George Orwell (1903-1950) es un ícono de la libertad de expresión, la libertad de las conciencias, la sinceridad intelectual, la verdad histórica. Lo es, no sólo porque en sus crónicas, artículos y novelas (“Rebelión en la granja”, “1984”) defendió la libertad de pensamiento, sino porque lo testimonió con su vida. Socialista en política, se enroló como miliciano en Cataluña para defender al gobierno republicano enfrentado a las fuerzas de Franco durante la guerra civil española. Su mayor sorpresa fue la distorsión de los hechos por la prensa extranjera, incapaces ir en contra de lo corrección política de ese momento que se negaba a denunciar los atropellos de los propios republicanos. “Cuando dejé Barcelona a finales de junio -escribe-, las prisiones estaban atestadas (…). Pero la clave aquí es que los presos que están ahora en las cárceles [republicanas] no son fascistas, sino revolucionarios; que no están ahí porque sus opiniones se sitúen demasiado a la derecha, sino porque se sitúan demasiado a la izquierda. Y los responsables de haberlos recluido ahí son (…) los comunistas”.

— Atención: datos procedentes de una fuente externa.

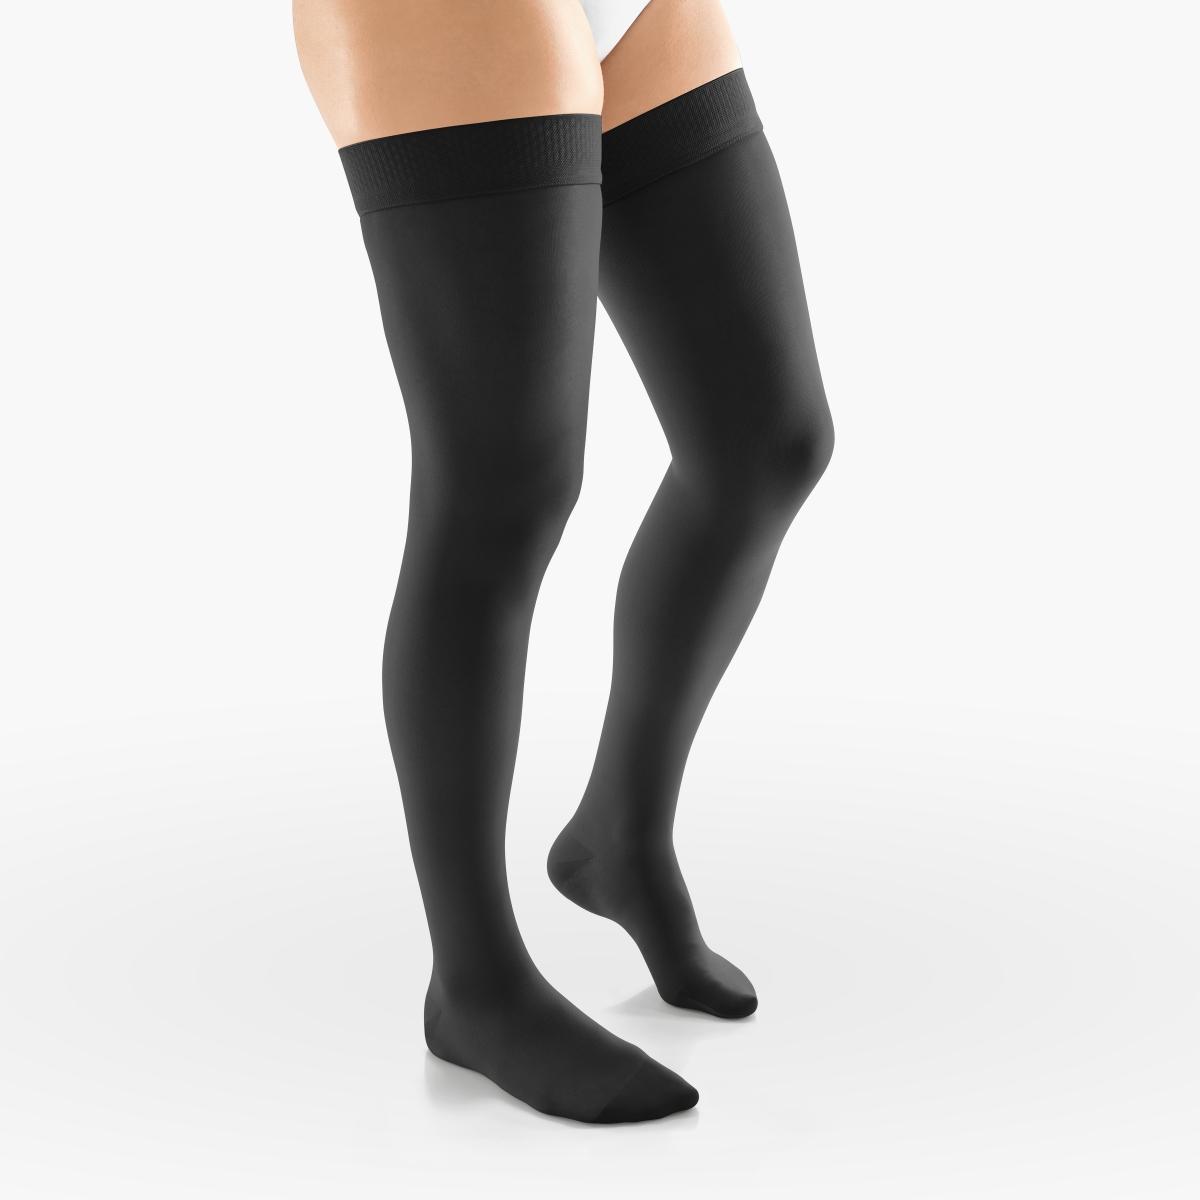 VENOSAN Sheer Secrets, Thigh High 15-20, Classic black, S, Closed Toe Moderate 15-20 mmHg | Classic black | S |  | Closed Toe | Knit Top

Decir lo que se piensa, poder expresarlo claramente a pesar de las presiones exteriores, valorar los hechos y opinar sobre ellos son signos elementales de la libertad de pensamiento. Es lo que Orwell defiende en “El poder y la palabra. 10 ensayos sobre lenguaje, política y verdad” (Penguin Random House, 2017), una célebre selección de sus artículos, faros de luz que ayudan a navegar en las aguas agitadas de cierta cultura de la cancelación, que pretende apagar, intemperantemente, las voces de los opositores.
“Lo primero que le pedimos a un escritor es que no cuente mentiras -afirma Orwell-, que diga lo que piensa realmente, lo que siente realmente. Lo peor que podemos afirmar de una obra de arte es que no es sincera. Y esto es aún más cierto en relación con la crítica que con la escritura creativa, en la que no importa cierta dosis de pose y artificiosidad, e incluso cierta dosis de farsa pura y dura, siempre y cuando el escritor posea cierta sinceridad fundamental. La literatura moderna es en esencia algo individual. O es la fiel expresión de lo que alguien piensa y siente, o no es nada (p.62)”. Antes y ahora, no ceder a los cantos aduladores de las tribunas o a sus diatribas ruidosas es un deber elemental de honradez y coraje intelectual.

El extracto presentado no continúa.